Mark Cronin is Professor of Predictive Toxicology at the School of Pharmacy and Biomolecular Sciences, Liverpool John Moores University, UK. He has over 35 years’ experience in the application of in silico approaches to predict the toxicity and fate of chemicals; in addition to development of strategies to develop alternatives to whole animal testing for toxicity. His current research includes the application of chemical grouping and read-across to assess human health and environmental endpoints, particularly the linking of Adverse Outcome Pathways (AOPs) to category information. This research effort has resulted in four books and over 350 publications in all areas of the use of (Q)SARs, expert systems and read-across to predict toxicity. Current research activities also include the assessment of uncertainties in silico models as well as ensuring these models are FAIR. He has worked in numerous projects in this area including more than fifteen EU projects, as well as assisting in the uptake of in silico methods for regulatory purposes.
Better Modelling Improves Non-Animal Chemical Safety Assessment
Mark T.D. Cronin
School of Pharmacy and Biomolecular Sciences, Liverpool John Moores University, Byrom Street, L3 3AF, Liverpool, UK
Computational, or in silico, approaches are fundamental in 21st Century toxicology, providing means of estimating hazard and exposure to a particular xenobiotic in a particular use case scenario. Interest in computational toxicology is growing strongly and linked to new technologies in artificial intelligence. Whilst it is attractive to create models rapidly using some of the comprehensive data sets now available, we need to remember concepts of good modelling. Approaches such as the OECD QSAR Principles and ECHA RAAF are well established to promote valid models and acceptable predictions. However, we believe that modellers interested in supporting chemical safety assessment should go further. For instance, problem formulation is well established in safety assessment, but is often lacking in computational modelling. Problem formulation allows for the aim of the model to be stated and for “acceptance” criteria to be established. To support development of high-quality models, data quality should be assessed. The problem formulation exercise should identify whether a “quick and dirty” approach to model development is sufficient, or whether more effort should be placed in quality assessment which is shown to lead to better models. Evaluation of models should be undertaken in the context of demonstrating the “credibility” of the models, i.e. their verification, validation and assessment of uncertainties. Relating to uncertainties, new approaches, based around EFSA guidance have been developed which allow for definition of “tolerable” uncertainty in areas such as read-across. When models are available, they should be FAIR. The “FAIR Lite” principles have recently been proposed which simplify the demonstration and process of FAIRification of in silico approaches.

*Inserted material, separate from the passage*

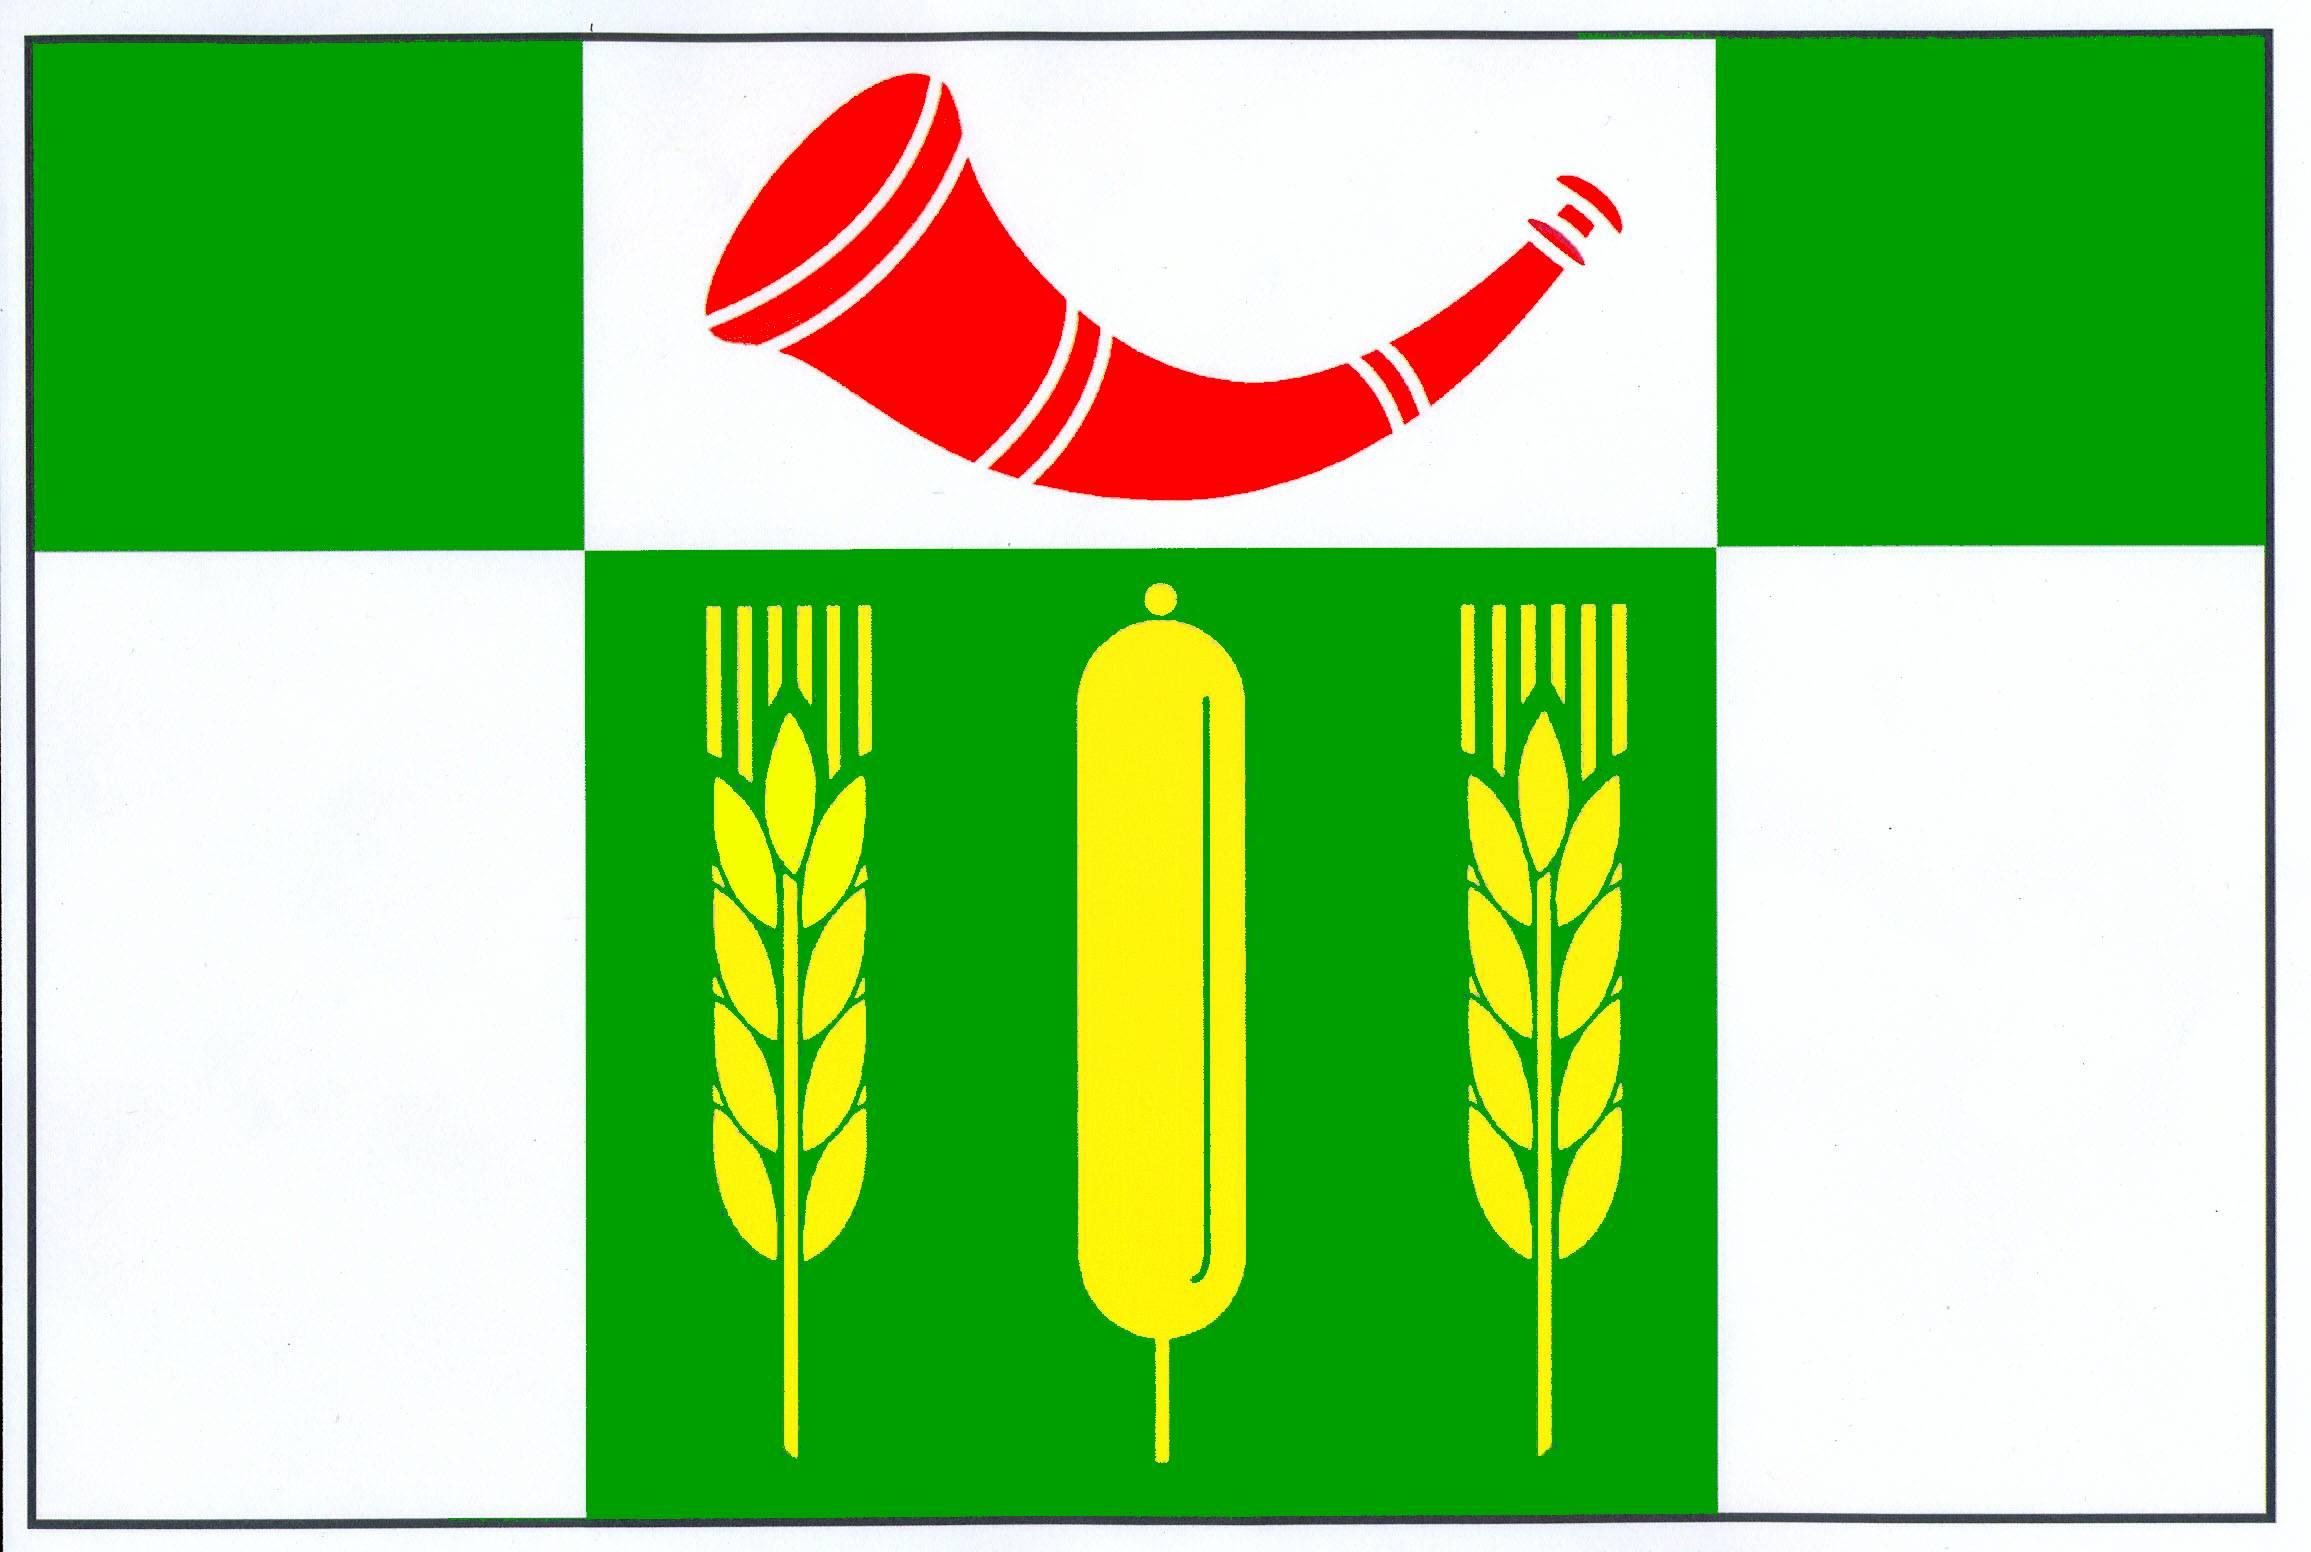 Flagge GemeindeWesterhorn, Kreis Pinneberg

Acknowledgements: This work was supported by the project RISK-HUNT3R: RISK assessment of chemicals integrating HUman centric Next generation Testing strategies promoting the 3Rs. RISK-HUNT3R has received funding from the European Union's Horizon 2020 research and innovation programme under grant agreement No 964537 and is part of the ASPIS cluster. Disclaimer: This work reflects only the author’s views, and the European Commission is not responsible for any use that may be made of the information it contains.